3.2. Cross-Section and Panel Data Studies
The spatial variation of malaria is analyzed by [65], who examine malaria-related hospital admissions and in-hospital mortalities among children in Africa. The authors apply spatial regression models to quantify the spatial variation of the two outcomes. Using pediatric ward register data from Zomba district, Malawi, between 2002 and 2003, as a case study, they develop two spatial models. The first is a Poisson model applied to analyze hospitalization and minimum mortality rates, with age and sex as covariates. The second is a logistic model applied to individual level data to analyze case-fatality rate, adjusting for individual covariates. The results show that rates of hospital admission and in-hospital mortality decrease with age. Case fatality rate is associated with distance from the hospital, age, wet season, and increases if the patient is referred to the hospital from the primary health facilities. Furthermore, death rates are high on the first day, followed by relatively low rates as the length of hospital stay increases. The outcomes show substantial spatial heterogeneity, which may be attributable to the varying determinants of malaria risk, health services availability and accessibility, and health seeking behavior.
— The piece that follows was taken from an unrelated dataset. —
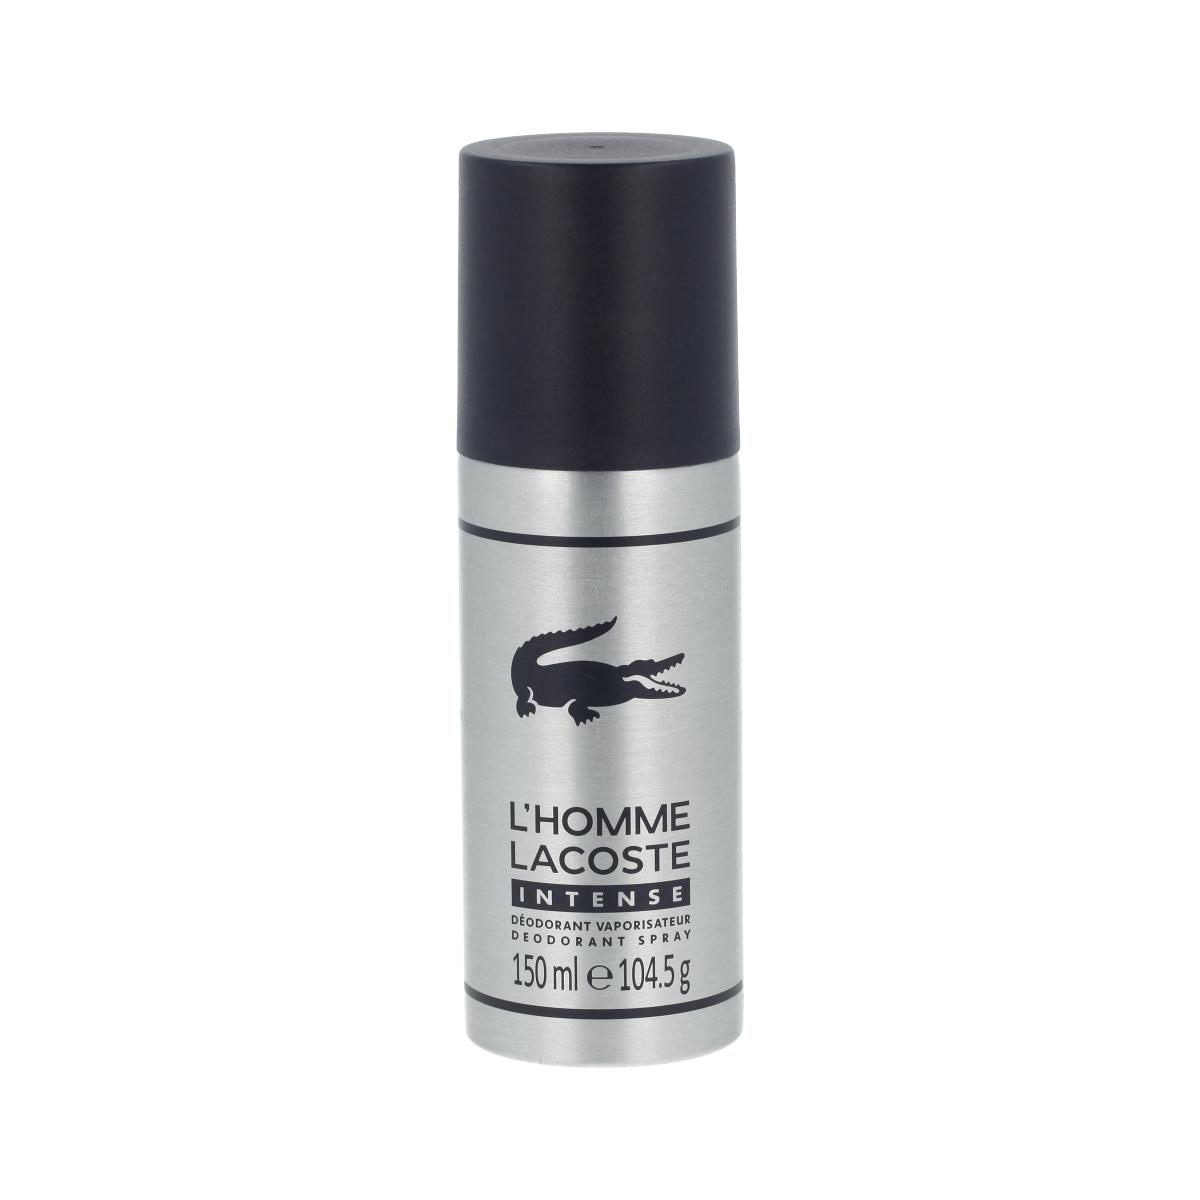 Lacoste L'Homme Intense Deodorant im Spray 150 ml (man) 17741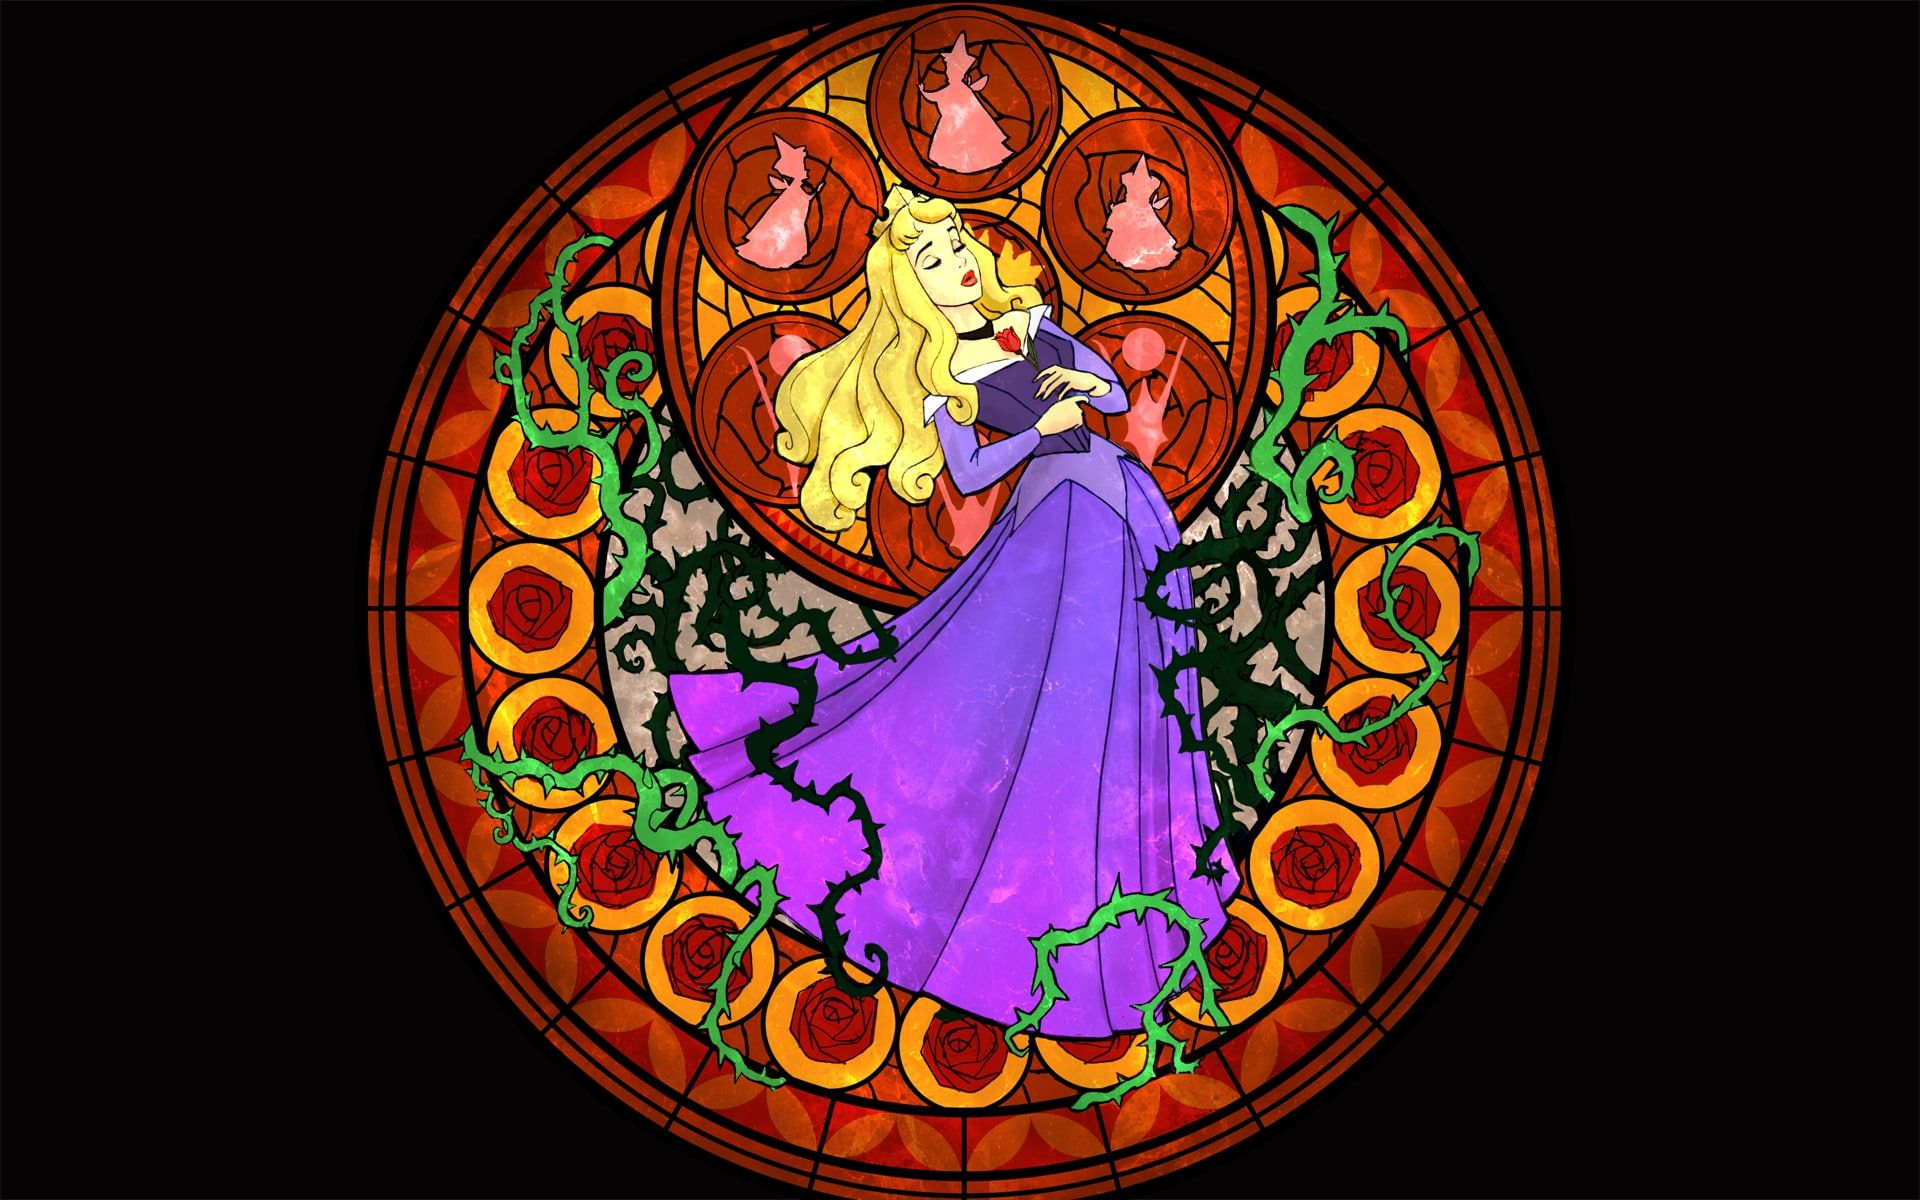 kingdom hearts sleeping beauty stained glass 1920x1200

Moreover, the increased risk of mortality of referred children may imply inadequate care being available. The authors suggest that reducing the burden of malaria requires integrated strategies that encompass availability of adequate care at primary facilities, introduce home or community case management and encouraging early referral. Those interventions would be needed to interrupt malaria transmission.
In a subsequent article [66], the author extends the analysis of [65] to profile spatial variation of malaria risk and analyze possible association of disease risk with environmental factors at sub-district level in northern Malawi. Using the same data on malaria incidence the author compares Bayesian Poisson regression models assuming different spatial structures. For each model he adjusts for environmental covariates initially identified through bivariate non-spatial models. The model with both spatially structured and unstructured heterogeneity is shown to provide the best fit, based on models comparison criteria. Malaria incidence appears to be associated with altitude (measured in meters above sea level), precipitation (measured in millimeters per annum) and soil water holding capacity. The risk increases with altitude (relative risk (RR): 1.092, with a 95% confidence interval (CI) between 1.020 and 1.169) and precipitation (RR: 1.031, with a 95% CI between 0.950 and 1.120). At medium level of soil water holding capacity relative to low level, the risk is reduced (RR: 0.521, with a 95% CI between 0.298 and 0.912), while at high level of soil water holding capacity relative to low level the risk is raised (RR: 1.649, with a 95% CI between 1.041 and 2.612). Compared to the commonly used standardized incidence ratios, the model-based approach appears to provide homogenous and easy to interpret risk estimates. Generally, the smoothed estimates show less spatial variation in risk, with slightly higher estimates of malaria risk (RR > 1) in low-lying areas mostly situated along the lakeshore regions, in particular in Karonga and Nkhatabay districts, and low risk (RR < 1) in high-lying areas along Nyika plateau and Vwaza highlands. The results suggest that the spatial variation in malaria risk in the region is a combination of various environmental factors, both observed and unobserved. The results also identify what are the areas of increased risk, where further epidemiological investigations could be carried out.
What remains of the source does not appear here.